- Tankōbon volume cover

ちーちゃん (Chii-chan)
- Genre: Horror; Psychological thriller;
- Written by: Shūzō Oshimi
- Published by: Kodansha
- English publisher: NA: Kodansha USA;
- Magazine: Weekly Young Magazine
- Original run: January 15, 2024 – March 11, 2024
- Volumes: 1
- Anime and manga portal

= Toxic Daughter: Chi-chan =

Japanese manga series

Toxic Daughter: Chi-chan (ちーちゃん, Chii-chan) is a Japanese manga series written and illustrated by Shūzō Oshimi. Written as a prequel spin-off to the then-upcoming 2024 horror film Doku Musume, based on the character Chi-chan, designed by Oshimi for the film, the manga was serialized in Kodansha's seinen manga magazine Weekly Young Magazine from January to March 2024, with its chapters collected in a single tankōbon volume.
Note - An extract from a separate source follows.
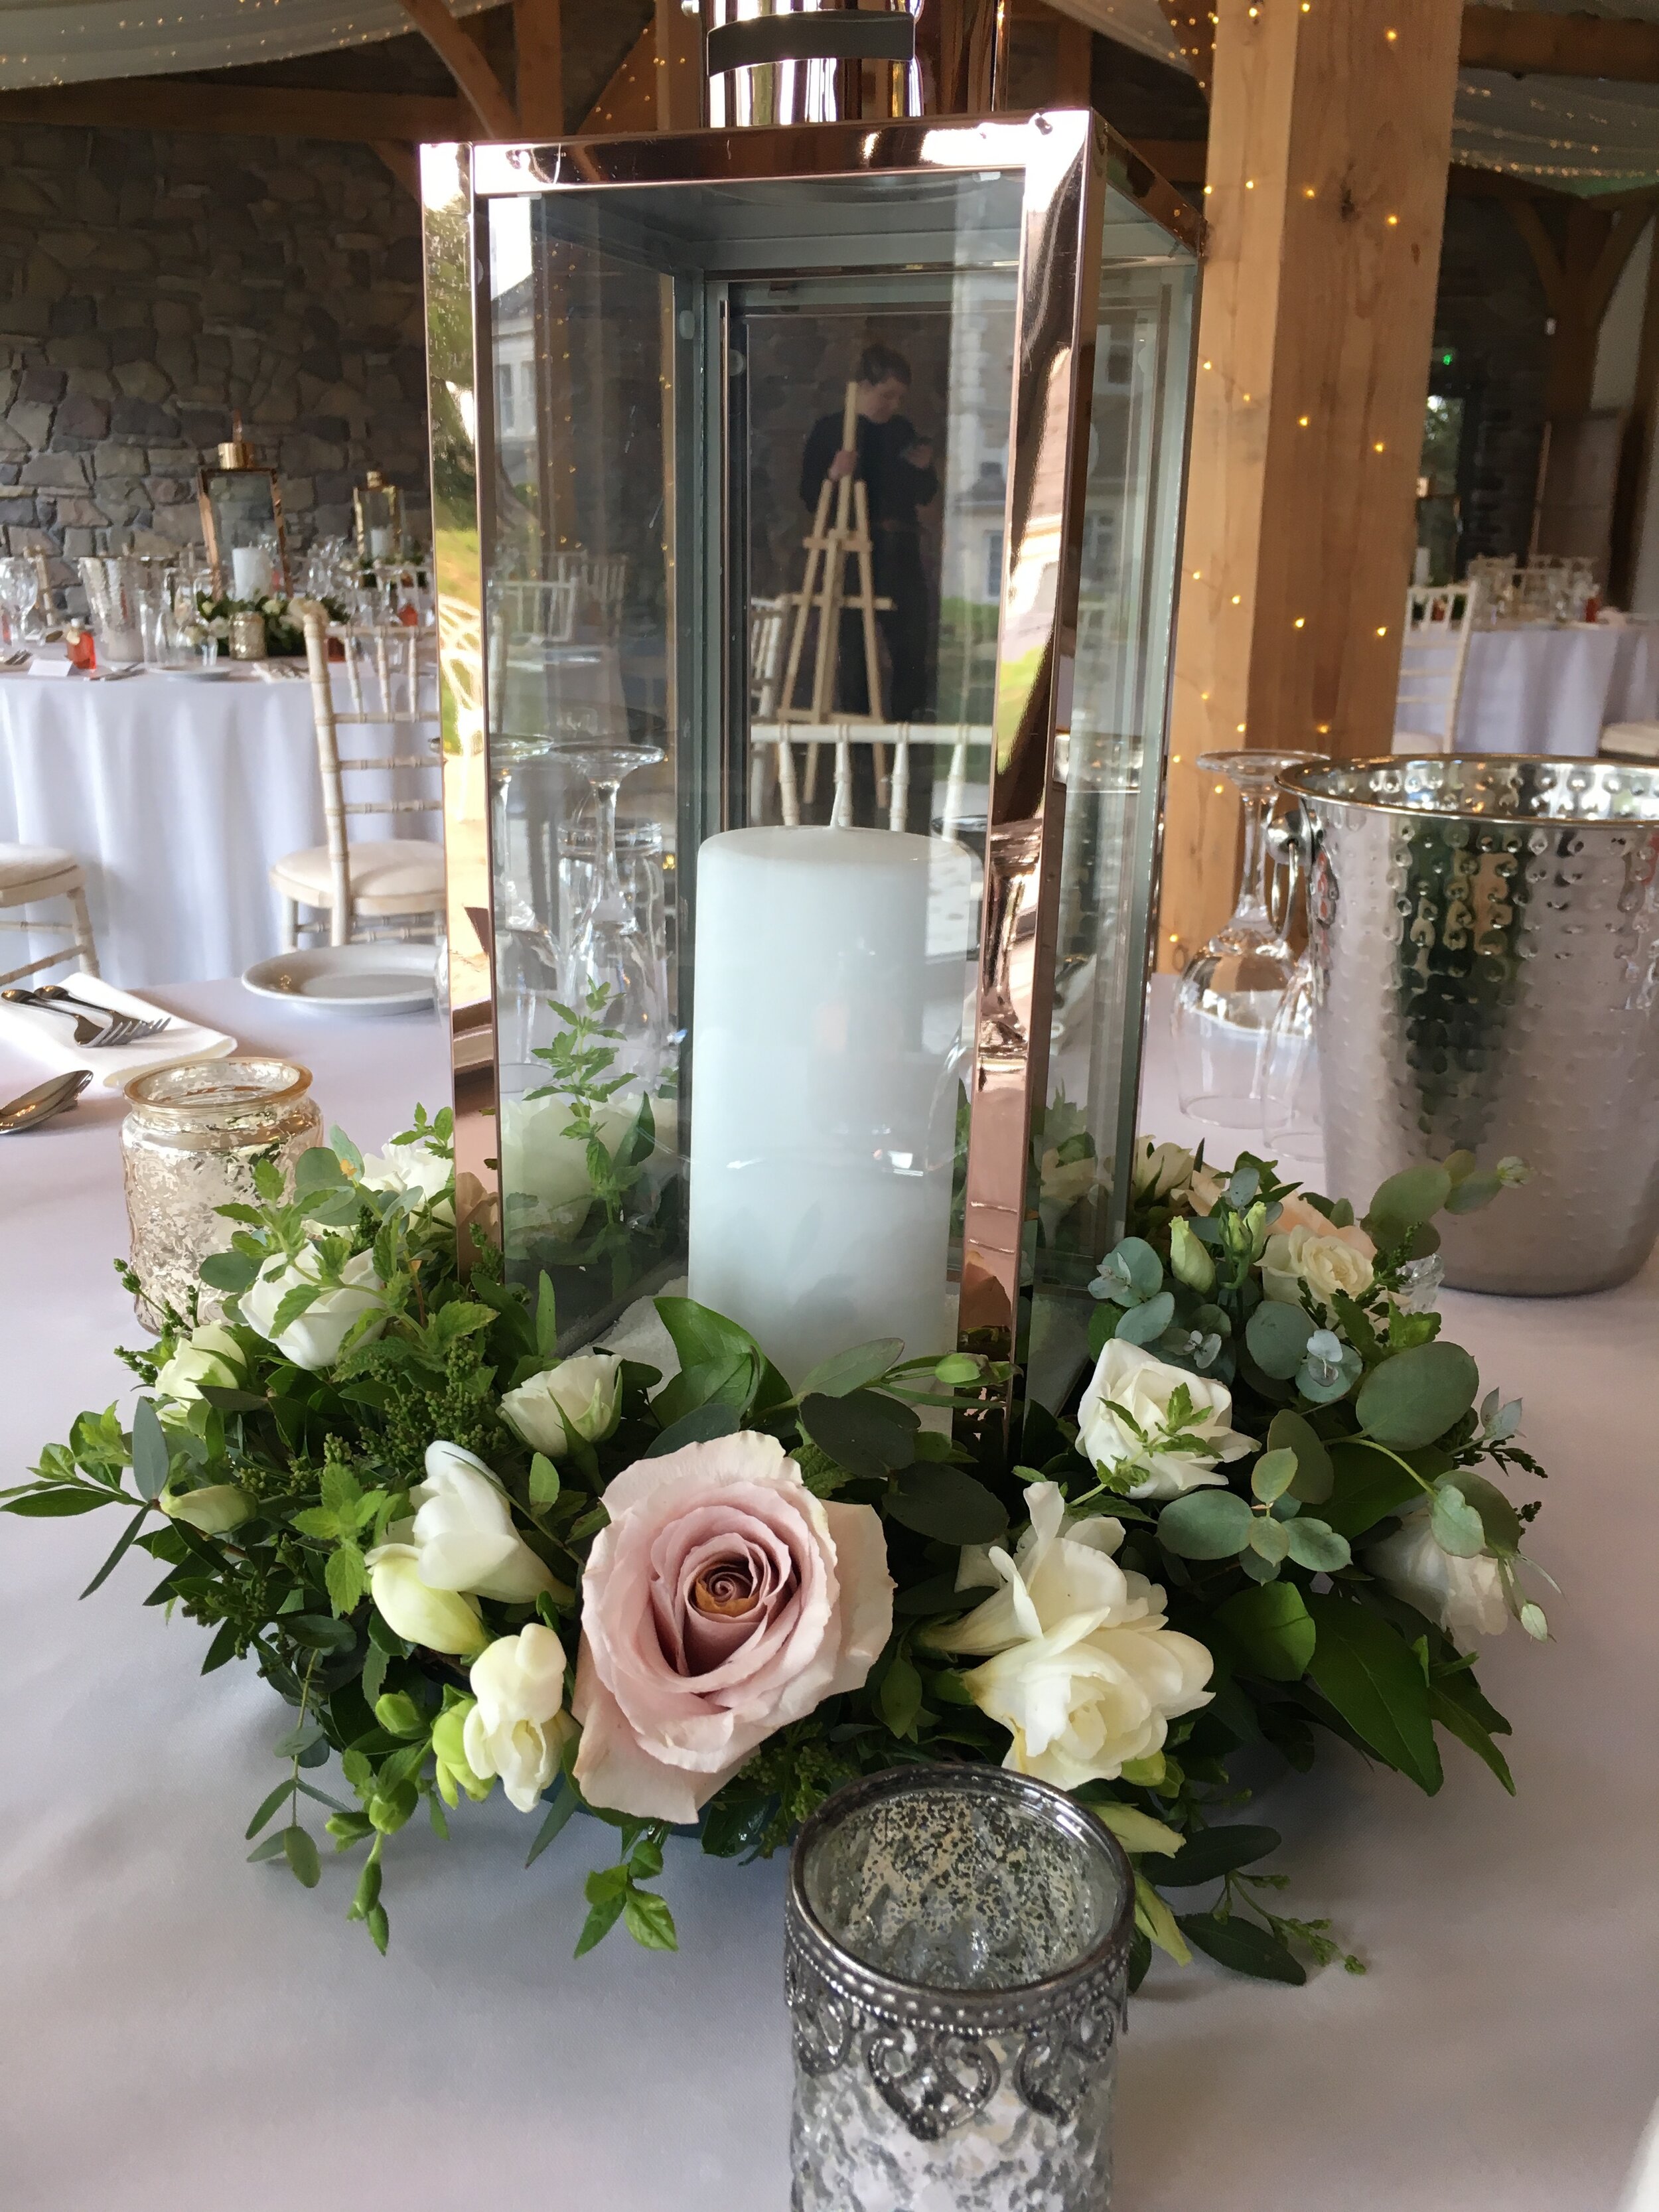 North Devon Wedding Flowers - centrepiece

Doku Musume would be released after the manga's conclusion in April 2024.

==Publication==
Written and illustrated by Shūzō Oshimi, Toxic Daughter: Chi-chan was serialized in Kodansha's seinen manga magazine Weekly Young Magazine from January 15 to March 11, 2024. The manga is a prequel spin-off to the 2024 horror film Doku Musume, based on the character Chi-chan, designed by Oshimi for the film. Kodansha collected its chapters in a single tankōbon volume, released on April 5, 2024.

In July 2024, Kodansha USA announced that it had licensed the manga for English release in North America, with the volume set to be released on April 22, 2025.